The increase of antibiotic resistance in the era of modern medicine represents one of the most important challenges that the global health community is facing. At the center of this problem is the Haemophilus influenzae (H. influenzae) bacterium, which historically has been the leading cause of bacterial meningitis and other invasive conditions in pediatrics [1]. This Gram-negative coccobacillus presents with a variety of pathologies, causing conditions ranging from relatively benign otitis media to severe diseases such as septicemia [2]. Before to the advent of the H. influenzae type b (Hib) vaccine, the global burden of invasive Hib diseases was notably significant. Although this vaccine is advantageous in reducing the challenges caused by Hib, the apparent emergence of non-typeable H. influenzae (NTHi) strains has been implicated, particularly in respiratory pathologies [3, 4].

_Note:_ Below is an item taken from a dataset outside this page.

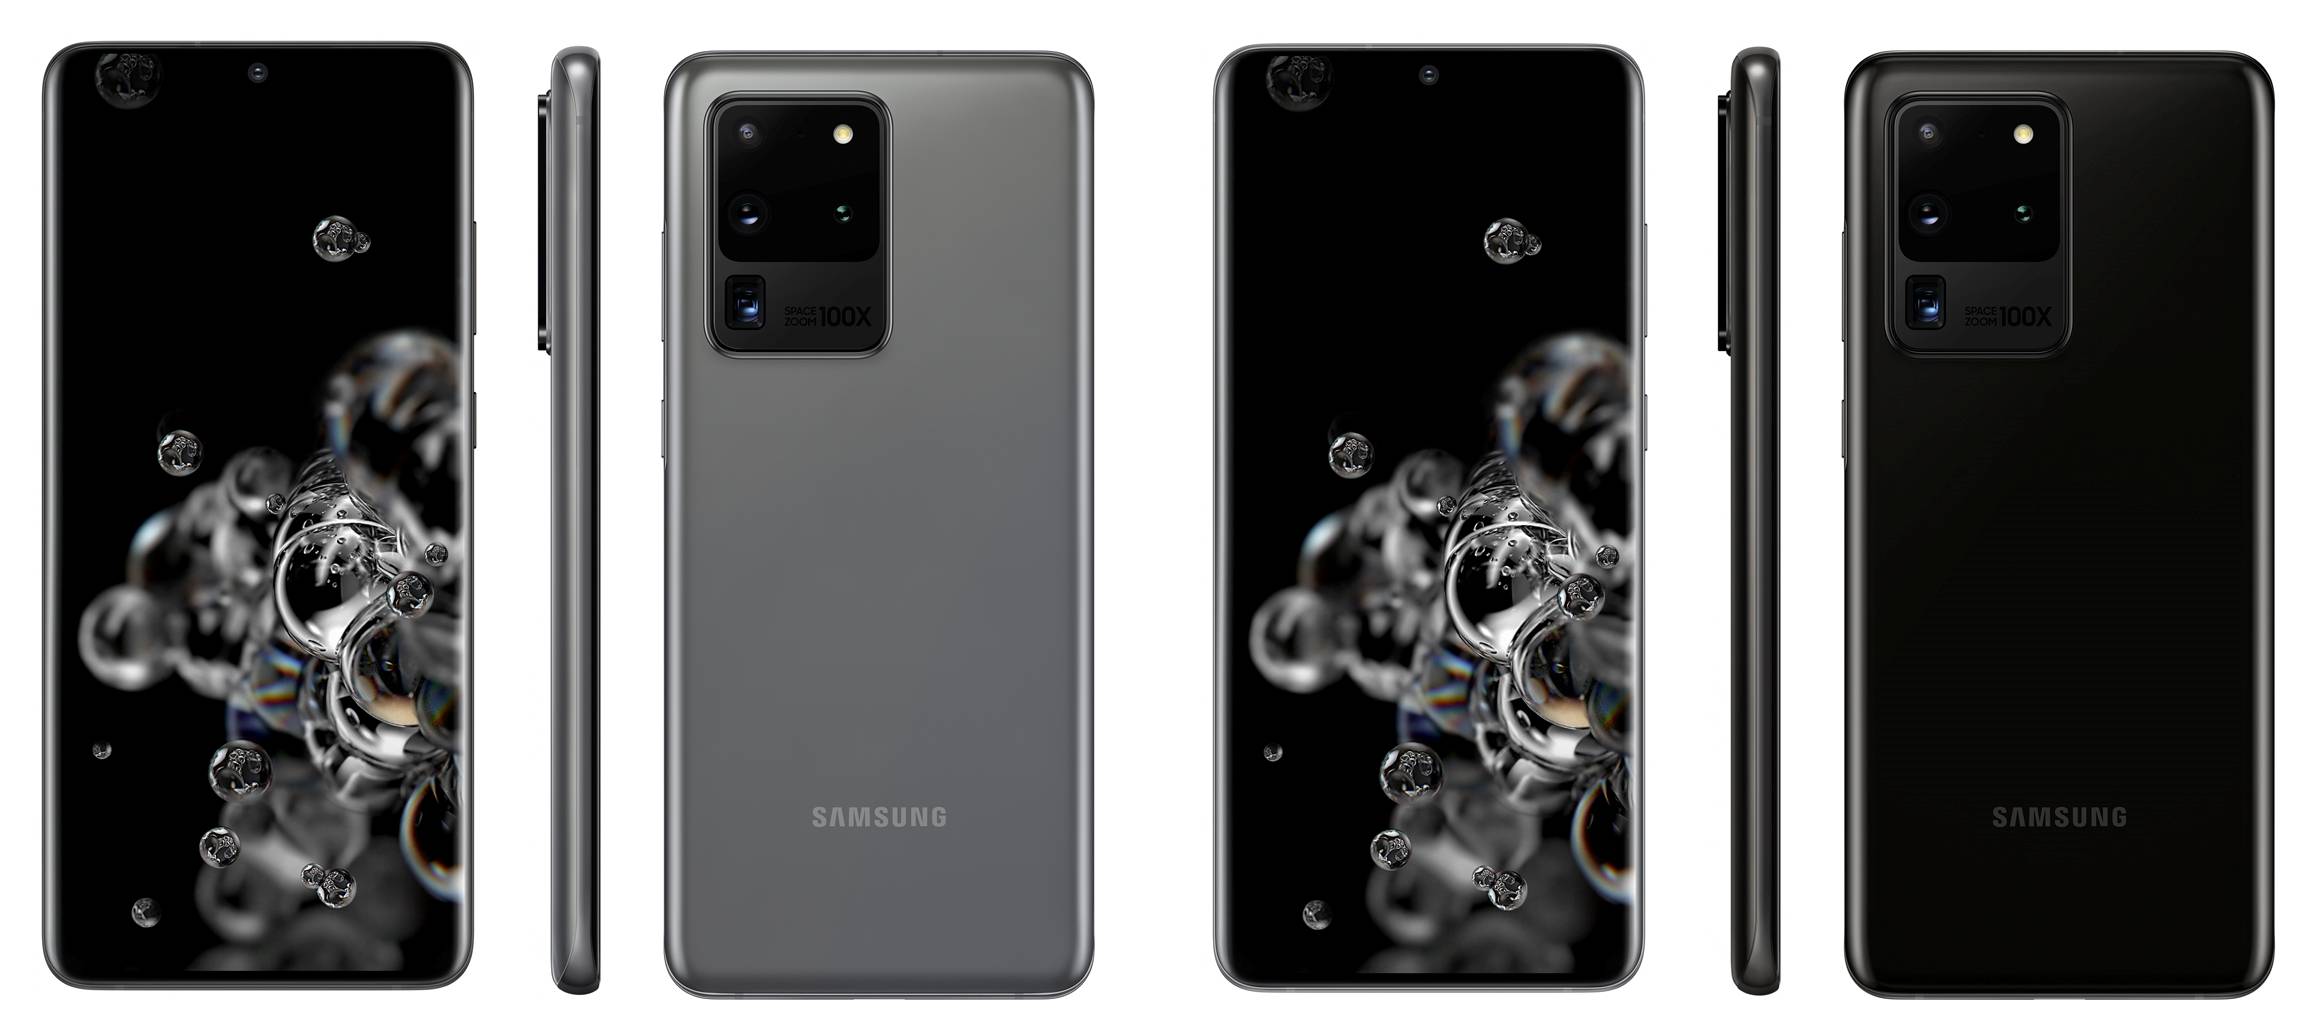 Imágenes de prensa oficiales del Samsung GALAXY S20 Ultra
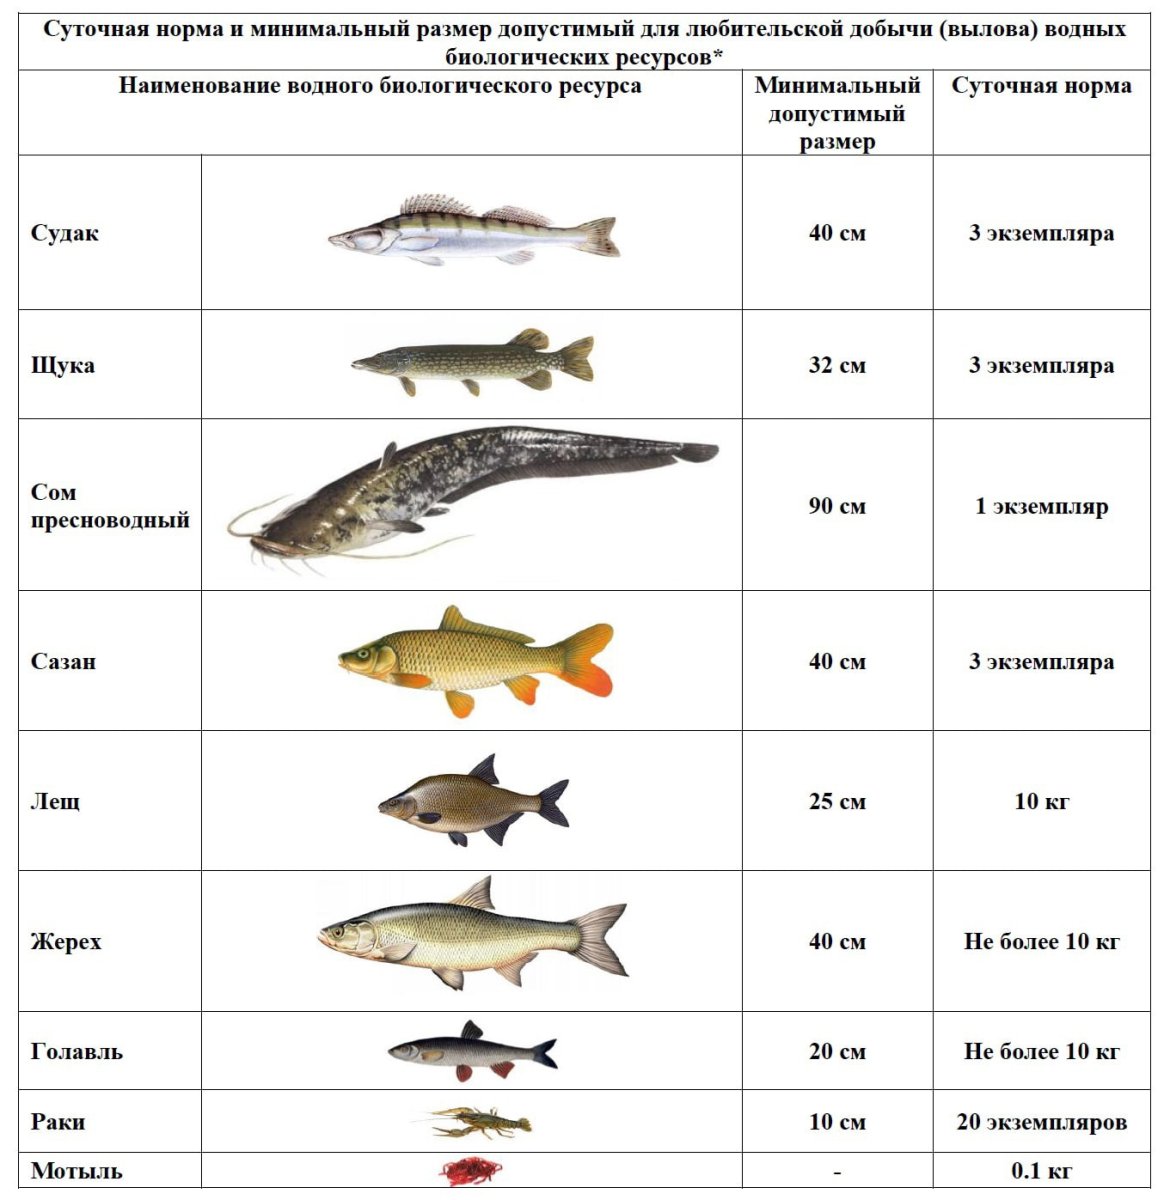 Допустимый улов. Разрешенный размер судака. Таблица размеров допустимый пойманной рыбы. Разрешённый размер рыбы для вылова в Московской области 2021. Размер судака разрешенный к вылову.

The presence of many challenges can lead to the acceleration of antibiotic resistance of this bacterium. The velocity and extent of antibiotic resistance, especially in bacterial species like H. influenzae are disconcertingly high [1, 5]. This intensification of resistance can be attributed to a combination of factors including, excessive use of antibiotics, self-administration of drugs, short treatment courses, and unrestricted antibiotic procurement in certain areas [6,7,8]. The implications of these actions are profound; the ineffectiveness of monotherapy leads to prolonged disease duration, increased health care costs, and increased mortality [9].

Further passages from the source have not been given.